Recuerdo varias cosas: la leve humareda que al principio permaneció flotando en el aire y luego formó un pliegue transparente y se esfumó por completo; la forma en que Félix cayó; porque no cayó de golpe; primero concluyó un movimiento vinculado aún a la vida, que fue un giro casi completo; intentó, me parece, balancearse en broma, como si actuara frente a un espejo; de manera que, poniendo fin de forma inerte a esa en absoluto graciosa bromita, quedó vuelto (ya atravesado) hacia mí, abrió lentamente las manos como si me preguntara: «¿Qué significa esto...?», y, al no obtener respuesta, se desplomó de espaldas, lentamente. Sí, recuerdo todo eso; recuerdo, además, el sonido suave que hizo en la nieve cuando empezó a quedarse tieso y estremecerse, como si la nueva ropa que llevaba le resultara incómoda; pronto quedó del todo quieto, y luego se hizo sentir la rotación de la tierra, y fue únicamente su sombrero el que, silenciosamente, se movió, separándose de su coronilla y cayendo atrás, boquiabierto, como si le dijera adiós a su propietario (o también, a modo de recordatorio de esa rancia frase que dice «todos los presentes descubrieron su cabeza»). Sí, recuerdo todo eso, pero hay una cosa que la memoria echa de menos: el ruido de mi disparo. Es cierto, en mis oídos quedó un canturreo permanente. Se me aferró, se me metió dentro, tembló en mis labios. A través de ese vuelo de sonido me acerqué al cuerpo tendido y, ávidamente, lo miré.

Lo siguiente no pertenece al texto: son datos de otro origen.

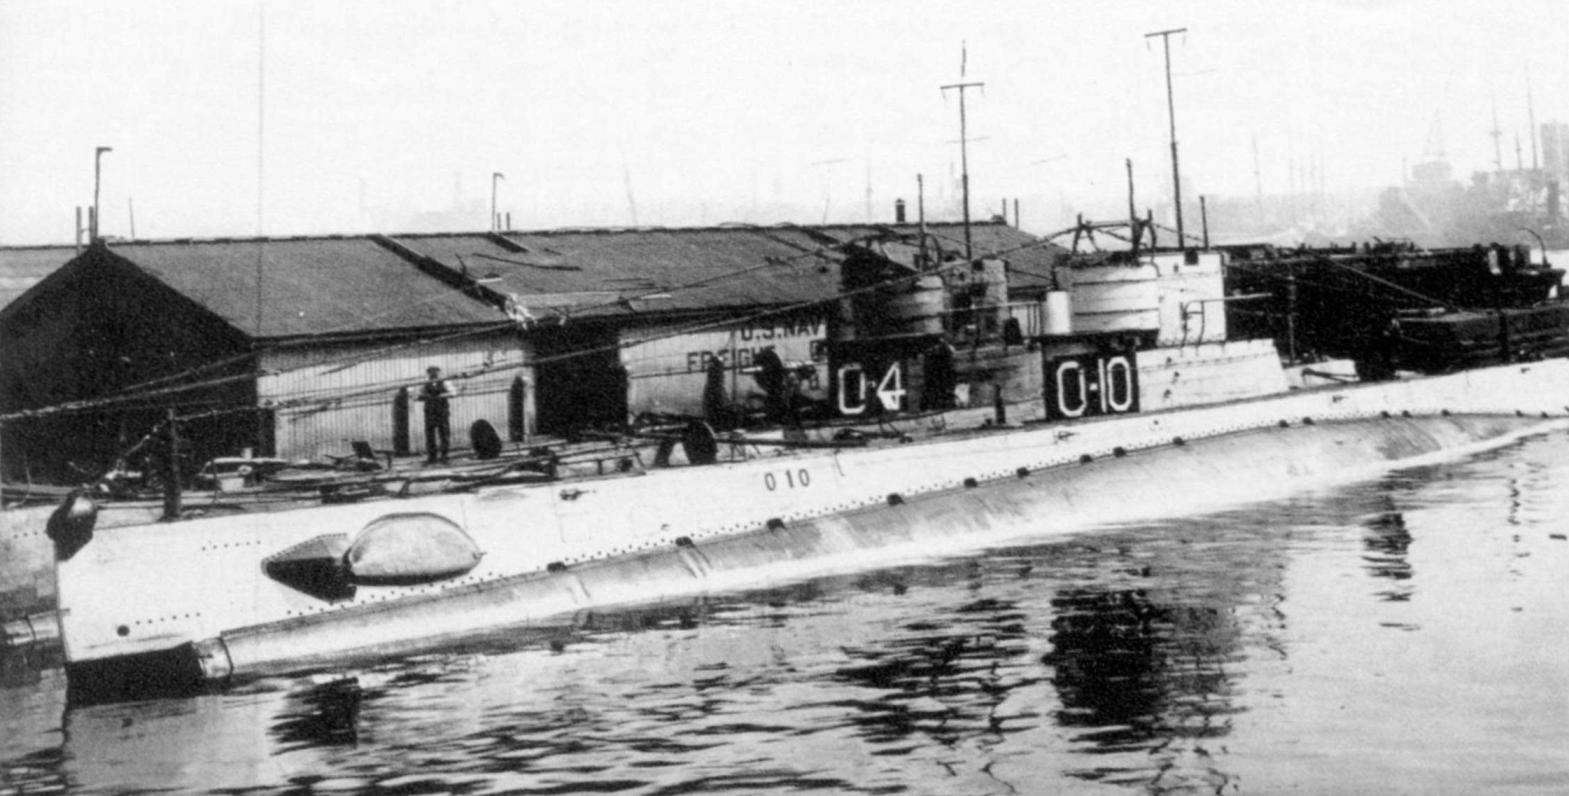 Субмарины O-10 и O-4 (на заднем плане) у причала в Бостоне

Hay momentos misteriosos, y ése fue uno de ellos. Como un escritor que lee su obra mil veces, examinando y poniendo a prueba cada sílaba, y al final no es capaz de decir si es bueno o no este jaspeado de palabras, lo mismo me ocurrió a mí, lo mismo... Pero existe esa secreta certeza del hacedor, la que nunca falla. En ese momento, cuando todos los rasgos quedaron fijados y congelados, nuestro parecido era tal que no fui capaz de decir quién había muerto de un balazo, si él o yo. Y mientras miré, anocheció en el vibrante bosque, y al paso que aquella cara que tenía ante mí iba disolviéndose lentamente, vibrando de forma cada vez más leve, me pareció como si estuviera mirando mi imagen en un estanque de aguas remansadas.

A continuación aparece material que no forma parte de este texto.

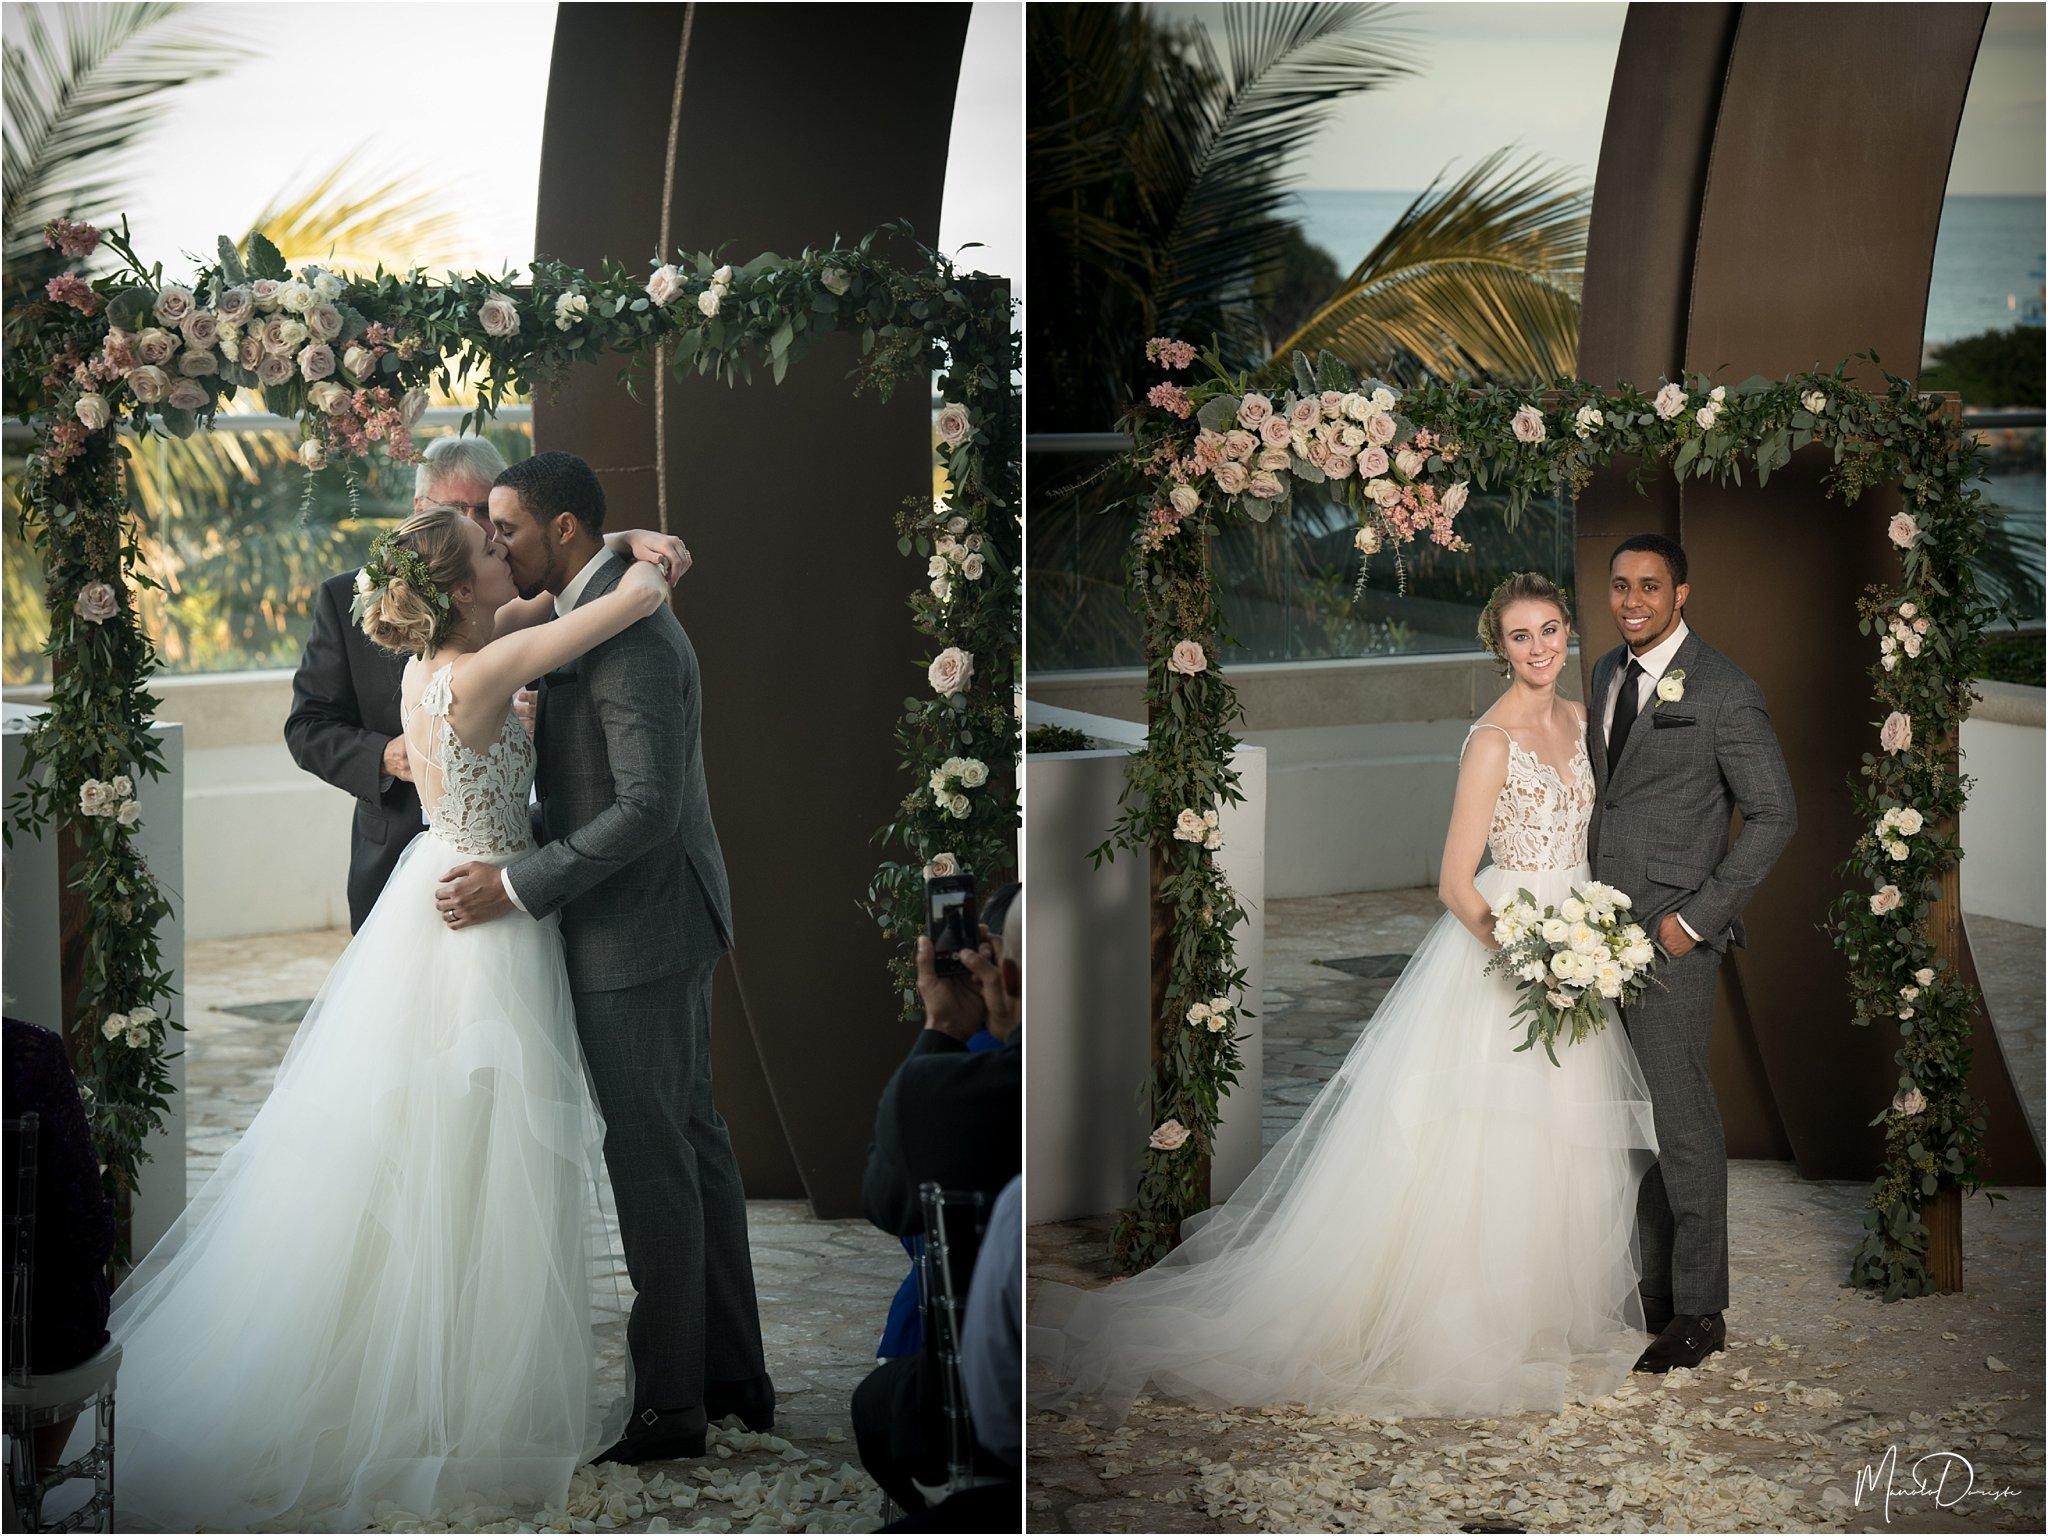 00885_ManoloDoreste_InFocusStudios_Wedding_Family_Photography_Miami_MiamiPhotographer.jpg

Por miedo a mancharme, no manipulé el cadáver; ni siquiera me cercioré de si estaba en realidad muerto del todo; supe instintivamente que lo estaba, que esa bala se había deslizado con perfecta exactitud a lo largo del breve surco de aire que habían trazado la voluntad y el ojo. Corre, corre, exclamó el viejo Lorre, subiéndose los pantalones. No le imitemos. Presurosa, atentamente, miré a mi alrededor. Félix lo había metido todo, menos la pistola, en la bolsa; pero tuve el suficiente control de mí mismo como para asegurarme de que no se le había caído nada; e incluso llegué al extremo de cepillar el estribo en el que le había cortado las uñas y de desenterrar su cepillo, que antes había pisoteado contra el suelo pero del que en ese otro momento decidí librarme más adelante. Luego hice algo que había planeado mucho tiempo atrás. Previamente había dado la media vuelta con el coche y lo dejé frenado cerca de una leve pendiente, de cara a la carretera; ahora dejé que mi pequeño Icarus descendiera un par de metros, a fin de que fuera visible desde la carretera por la mañana, y para que así condujera al descubrimiento de mi cadáver.

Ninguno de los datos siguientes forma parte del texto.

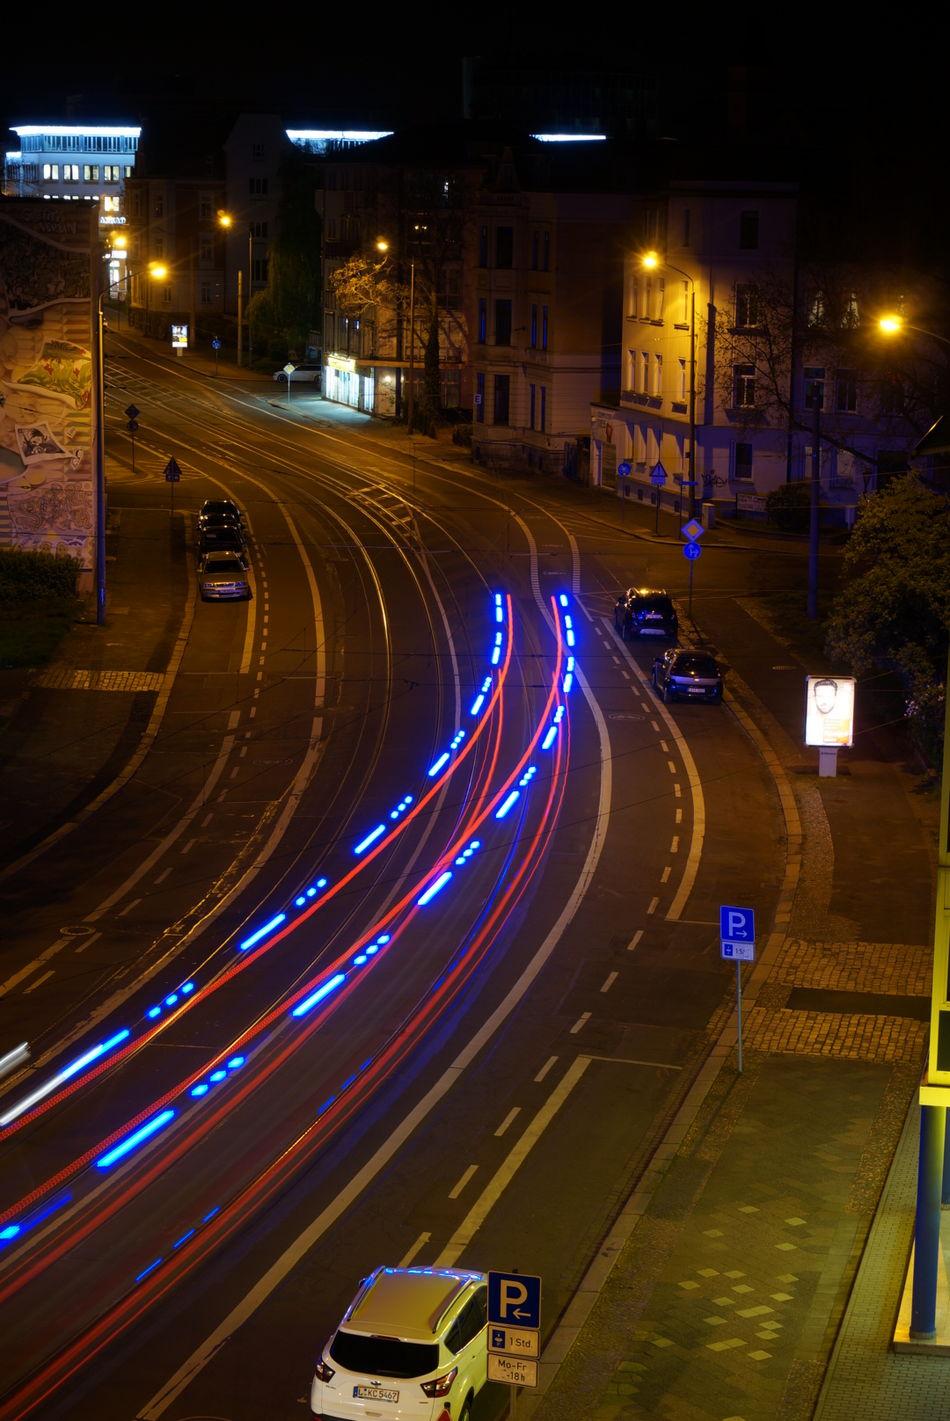 Night Illuminated Traffic Speed Road Light Trail Street Transportation Curve Street Light Car Long Exposure City Motion Outdoors No People Neon

La noche cayó rápidamente. El tamborileo de mis oídos había cesado casi del todo. Me sumergí en el bosque y, al hacerlo, volví a pasar cerca del cadáver; pero no volví a detenerme, sólo recogí la bolsa y, resueltamente, a buen paso, como si no fuese calzado con aquellos pesadísimos zapatones, rodeé el lago sin abandonar nunca el bosque, seguí caminando sin parar por entre el fantasmagórico crepúsculo, pisando la fantasmagórica nevada... Y, sin embargo, ¡¡qué maravillosamente bien supe adivinar la dirección correcta, con qué precisión, con qué viveza lo había visualizado todo, en verano, cuando estudiaba los caminos que conducen a Eichenberg!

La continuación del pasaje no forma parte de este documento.